→ DATA EXCERPTS
----
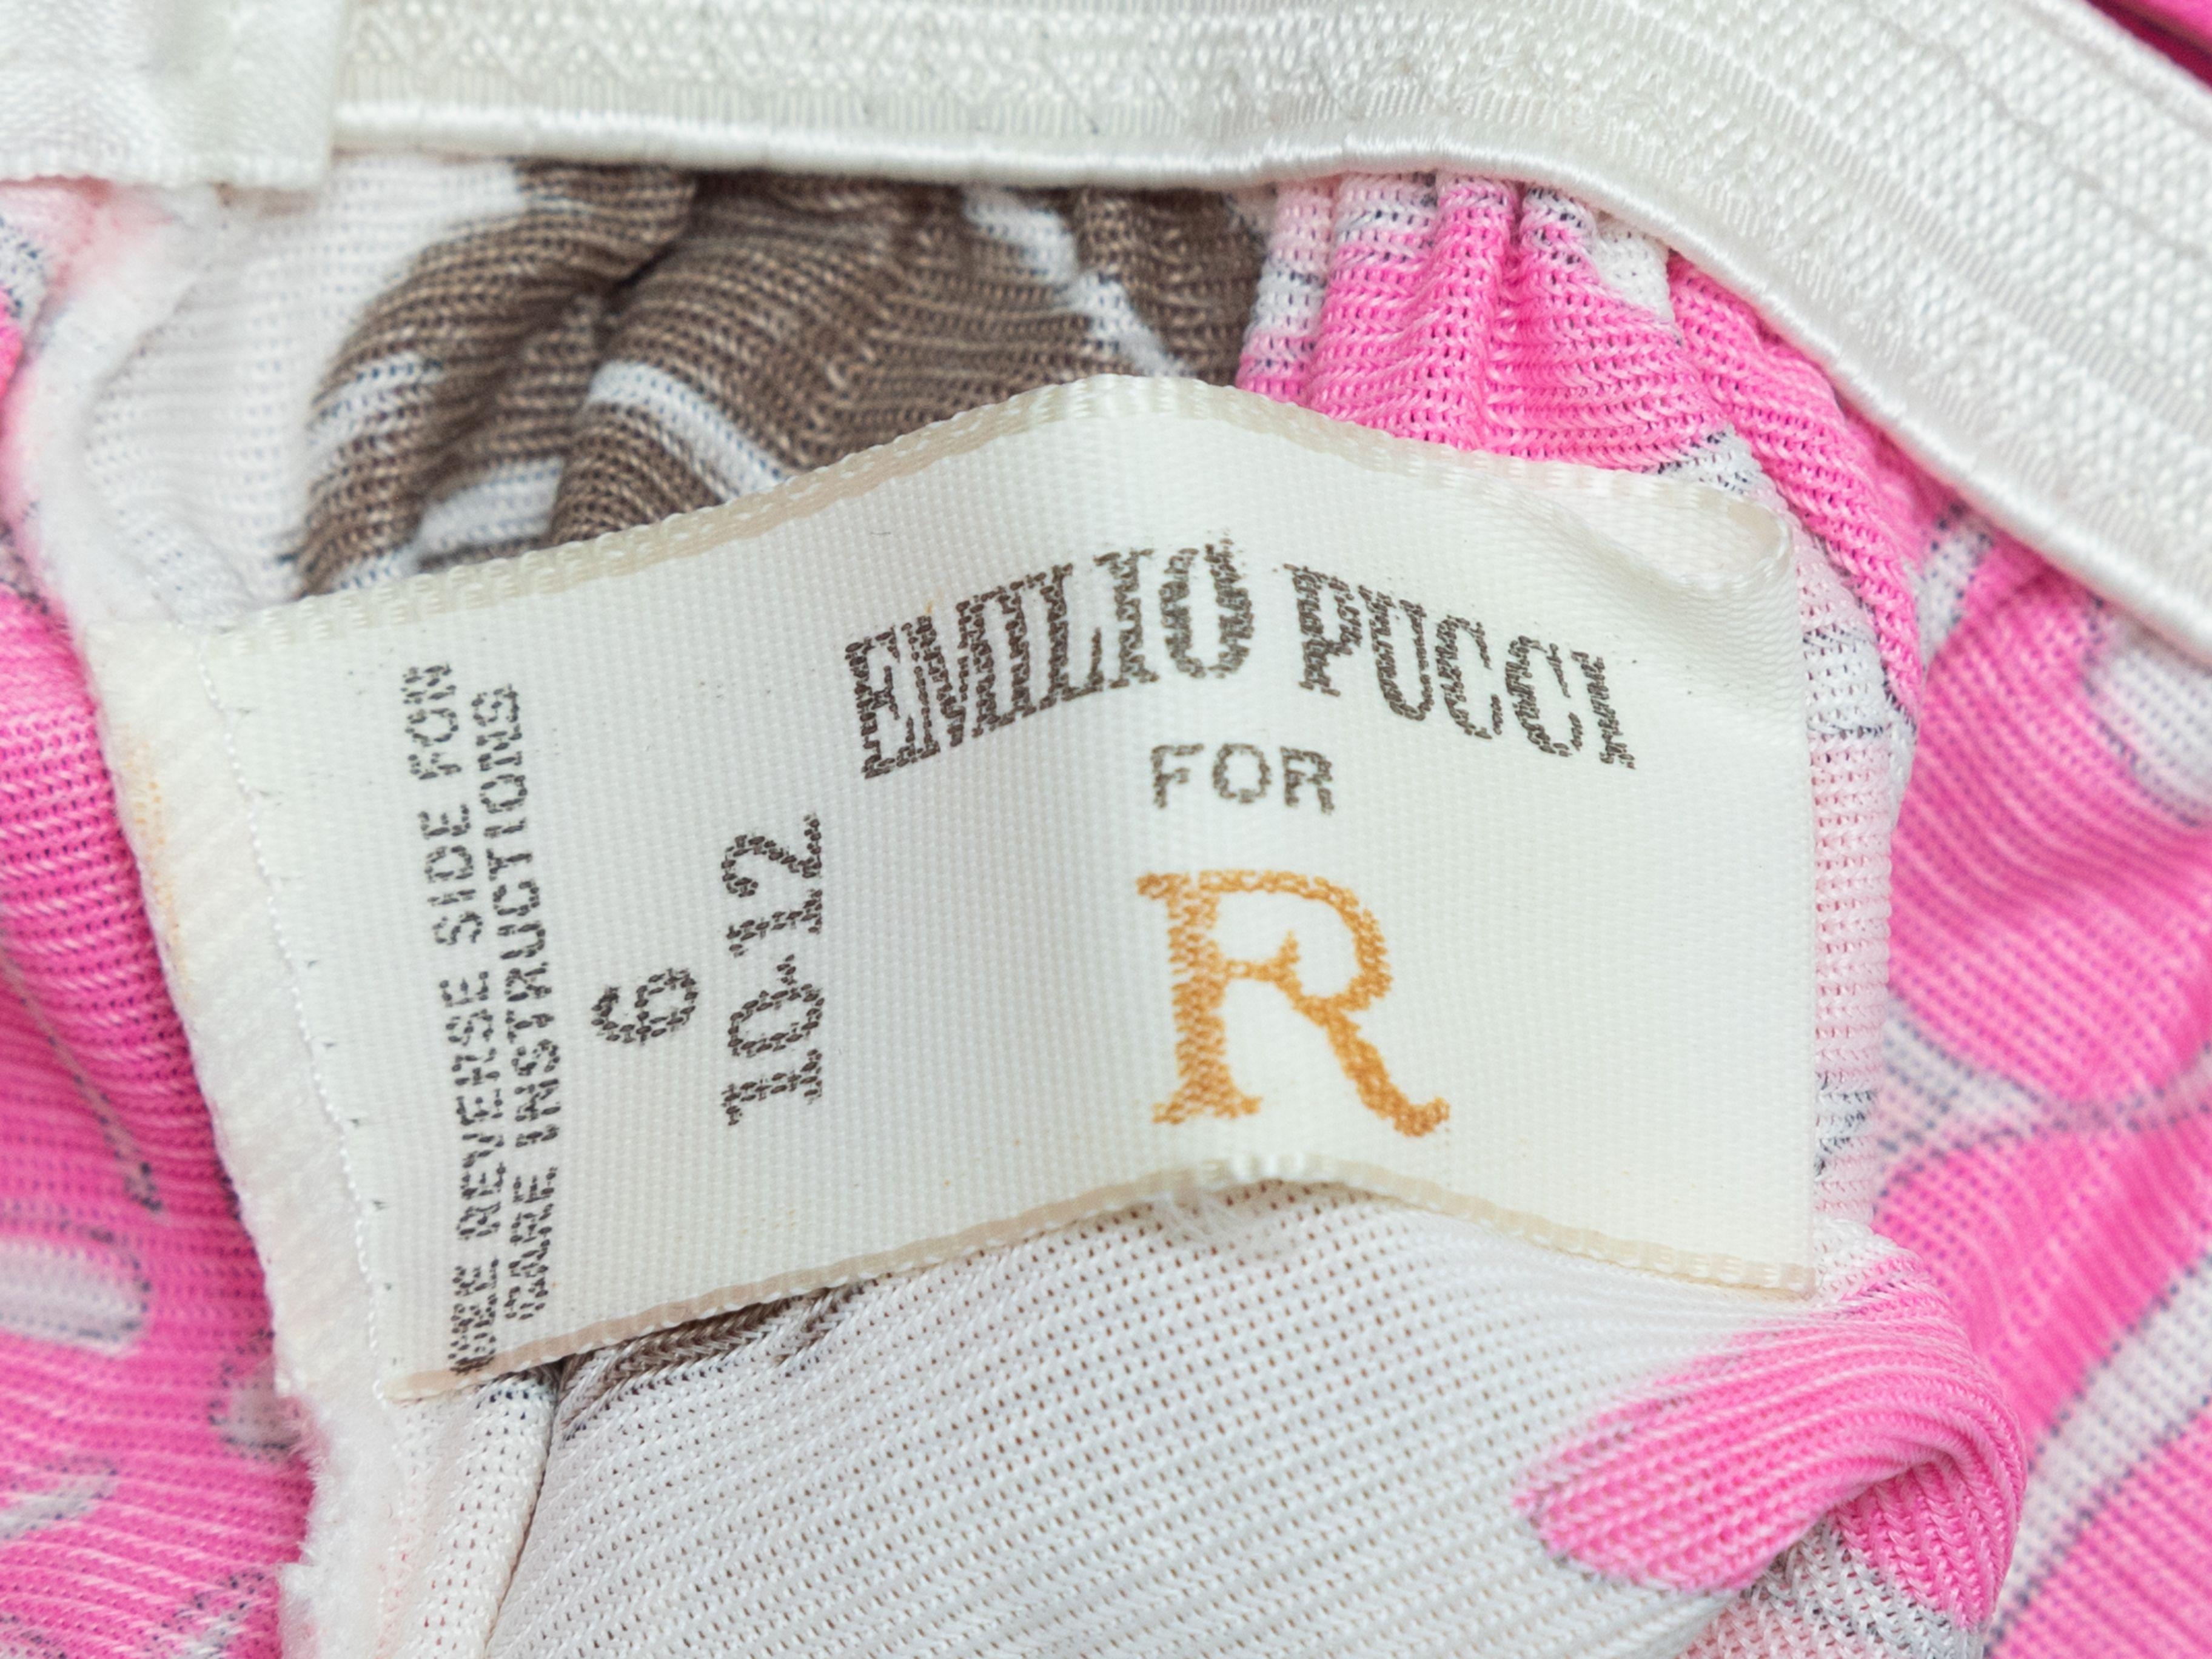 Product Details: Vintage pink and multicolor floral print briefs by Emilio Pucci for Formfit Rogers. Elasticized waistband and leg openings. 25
----
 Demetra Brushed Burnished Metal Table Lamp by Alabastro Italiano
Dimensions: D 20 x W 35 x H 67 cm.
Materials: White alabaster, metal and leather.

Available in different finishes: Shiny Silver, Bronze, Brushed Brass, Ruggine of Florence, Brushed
----
→ AIM OF THE EXERCISE
Every line above from the line with "Dimensions: D 20 x W 35 x H 67 cm." to the line with "Available in different" is wanted, ends included; write them out exactly and add no other line.

→ RESPONSE
Dimensions: D 20 x W 35 x H 67 cm.
Materials: White alabaster, metal and leather.

Available in different finishes: Shiny Silver, Bronze, Brushed Brass, Ruggine of Florence, Brushed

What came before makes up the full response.